D’un coté, la théorie darwinienne de l’évolution renverse les arguments de Paley de la perfection et de l’adaptation statique de chaque chose, dans chaque coin de l’univers. Pour cette raison, la dynamique du processus évolutif s’oppose par définition au monde paleyen parfaitement conçu. Comme Darwin l’écrira plus tard : « Le vieil argument d’une conception intelligente dans la nature, tel que Paley le concevait et qui me paraissait dans un premier temps si concluant, tombe maintenant que la loi de la sélection naturelle a été découverte. »37 D’un autre coté cependant, Darwin continue d’expérimenter en tant que scientifique l’impact de la beauté, la complexité et la fonctionnalité de la nature ; et il ressent ce que la plupart des gens perçoivent : il y a derrière le monde une sorte de réalité téléologique, comme un Dieu ou une force suprême.38 En d’autres termes, Darwin est partagé entre sa compréhension paleyenne de la conception intelligente et son expérience du dessein dans la nature.39 Bien sûr, c’est toujours plus facile de voir les choses a posteriori, et on peut se demander pourquoi Darwin n’envisage pas sérieusement une vision de la conception intelligente qui ne serait pas étouffée par la vision paleyenne stricte du dessein, dans chaque détail de l’univers.40
Darwin s’attaque également au plus grand défit du théisme : le problème de la douleur. Ce problème peut s’énoncer ainsi en quelques mots : pourquoi un Dieu personnel tout puissant et qui aime chaque individu permettrait la souffrance dans le monde ? Dans la même lettre de 1860 adressée à Gray, il se plaint :
Mais, j’avoue que je n’arrive pas à voir aussi clairement que les autres, et comme je voudrais le faire, la preuve de la conception intelligente et de la bienveillance dans tout ce qui nous entoure. Il y a pour moi trop de malheur dans le monde. Je n’arrive pas à me persuader qu’un Dieu bienveillant et omnipotent pourrait avoir conçu les Ichneumonidés avec l’intention délibérée qu’ils se nourrissent du corps de chenilles, ou qu’un chat devrait jouer avec les souris. 41
Une fois de plus, une prémisse paleyenne apparaît ici : la bienveillance est partout dans la nature. La plupart des gens sentent le poids de la plainte de Darwin. Pourquoi un Dieu personnel laisserait-il une guêpe Ichneumonidé pondre ses œufs dans une chenille, et alors qu’ils se développent lentement, leur permettrait-il de se nourrir des organes internes de l’hôte jusqu’à sa mort ?

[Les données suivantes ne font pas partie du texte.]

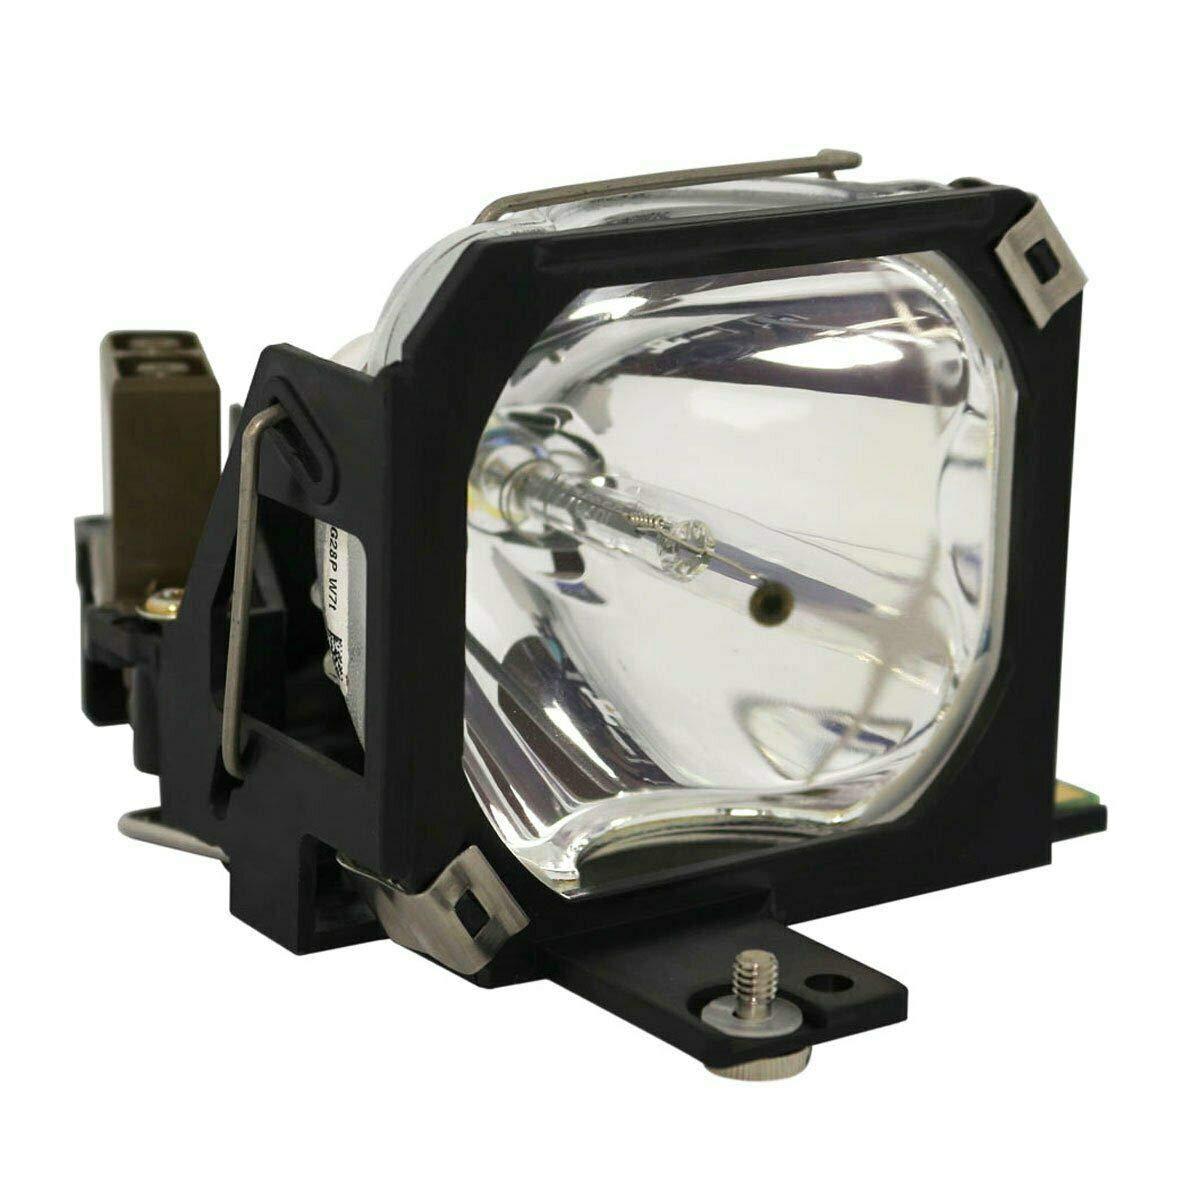 CTLAMP SP-LAMP-LP7P 交換用ランプ ハウジング付き Infocus LP750に対応   B07Q6JJWZW
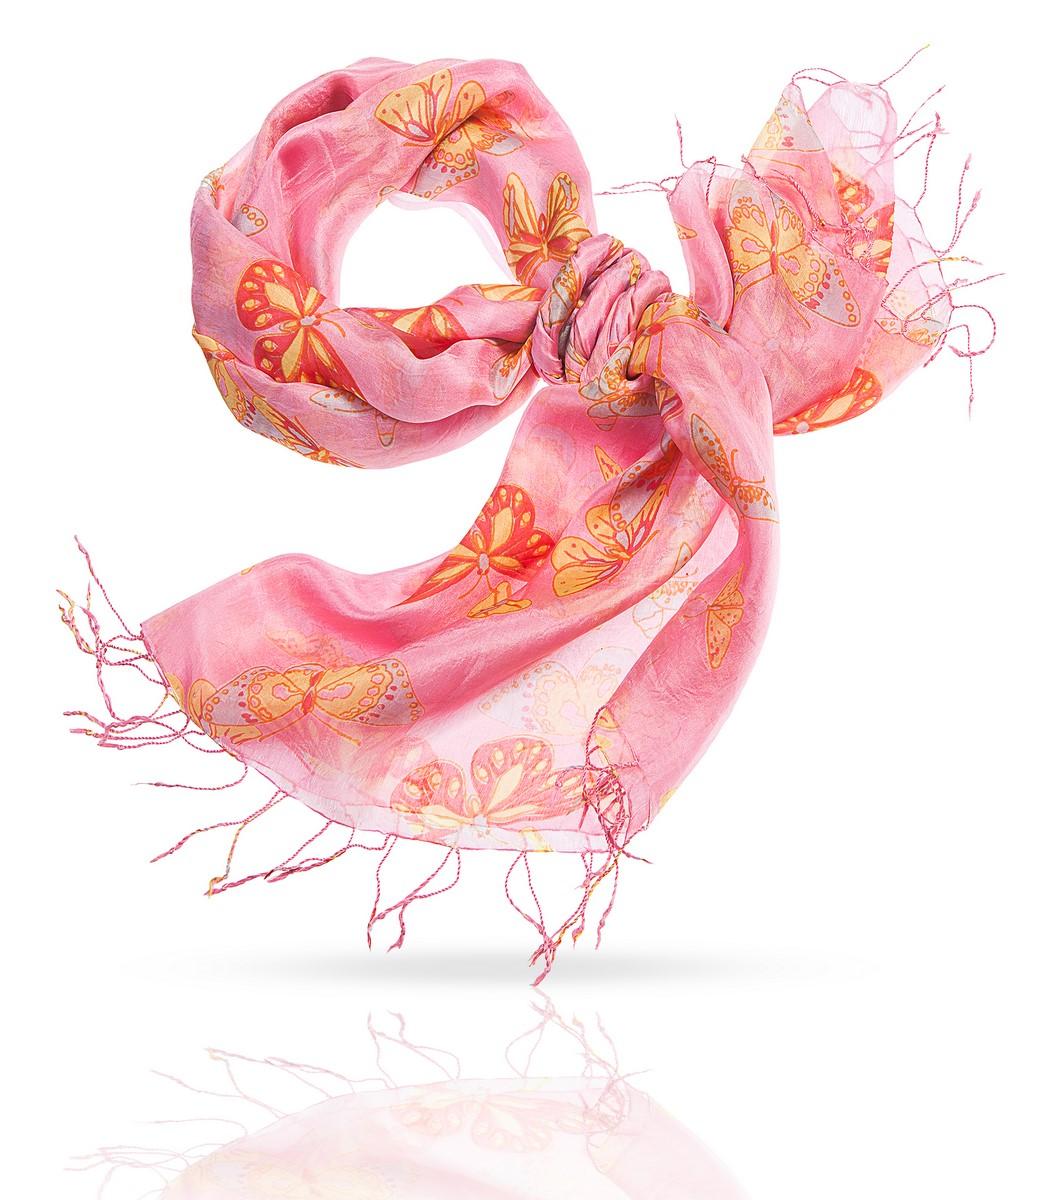 ПалантинS-BUTTERFLY/CANDYЖенственность и легкость этого очаровательного шелкового палантина делают его универсальным подарком для прекрасной дамы любого возраста - а если дама умеет любить себя, она и сама подарит себе эту радость. Даже в самом строгом деловом образе, дополненном этим аксессуаром, станет больше радости, нежности и света. Тончайшая фактура позволяет завязать палантин множеством разных способов, а если вы расправите палантин на плечах, вашу фигуру окружит сонм прекрасных бабочек. Что может быть очаровательнее?

Dans une précédente lettre qu’il adressa à J. D. Hooker, Darwin est encore plus explicite concernant l’absence de bienveillance dans le monde vivant. Il écrit : « Quel livre un aumônier du diable écrirait au sujet des travaux d’une nature maladroite, gaspilleuse […] et affreusement cruelle ! »42 Sur le plan personnel, Darwin est également intimement familier à la douleur. Peu après son voyage à bord de l’HMS Beagle, il contracte une maladie qui le fera souffrir d’accès de nausées, de vomissements, d’étourdissements, de douleurs de poitrine et de palpitations jusqu’à la fin de sa vie.43 De plus, de nombreux spécialistes modernes de Darwin pensent que la souffrance et éventuellement la mort de sa fille bien-aimée Annie à l’âge de 10 ans, en 1851, ont profondément traumatisé le célèbre naturaliste britannique.44 A vrai dire, la nature n’est pas du tout comme Paley l’avait envisagée, et ce n’est que très tard dans sa vie que Darwin viendra à bout du problème de la douleur subie par les créatures vivantes.
Enfin, Darwin s’attaque à la question de la souveraineté de Dieu sur le monde durant sa seconde période d’intense réflexion religieuse. Dans une lettre adressée à Charles Lyell, il écrit :
« Le point de vue selon lequel chaque variation a été arrangée de manière providentielle rend, me semble-t-il, la sélection naturelle superflue et place, à vrai dire, tous les cas d’apparition de nouvelles espèces en dehors du champ d’investigation de la science. […] Il me semble que les variations dans les conditions de domestication ou naturelles sont dues à des causes inconnues, qu’elles sont sans but et par conséquent accidentelles ; et qu’elles deviennent déterminées seulement quand elles sont sélectionnées par l’homme pour son plaisir ou par ce que l’on appelle la sélection naturelle dans la lutte pour la survie, sous certaines conditions. Je ne voulais pas dire que Dieu ne pouvait pas prévoir tout ce qui s’ensuivrait ; mais c’est ici de très près le même type de fichu imbroglio que celui qui existe entre le libre arbitre et la prédestination. »45
L’idée paleyenne de parfaite adaptation apparaît encore dans la pensée de Darwin. Mais, de manière significative, un élément non téléologique est clairement développé dans sa compréhension de l’évolution à ce moment de sa vie. Il considère que les variations biologiques « sont sans but et par conséquent accidentelles. » Cependant, il n’a pas une vision du monde entièrement non téléologique. Il continue de croire en l’existence d’un Dieu, et sa compréhension de la souveraineté divine est sophistiquée. De manière ultime, un Créateur prévoyant règne sur le processus évolutif.46
La variation des animaux et des plantes (1868) et La filiation de l’Homme (1871)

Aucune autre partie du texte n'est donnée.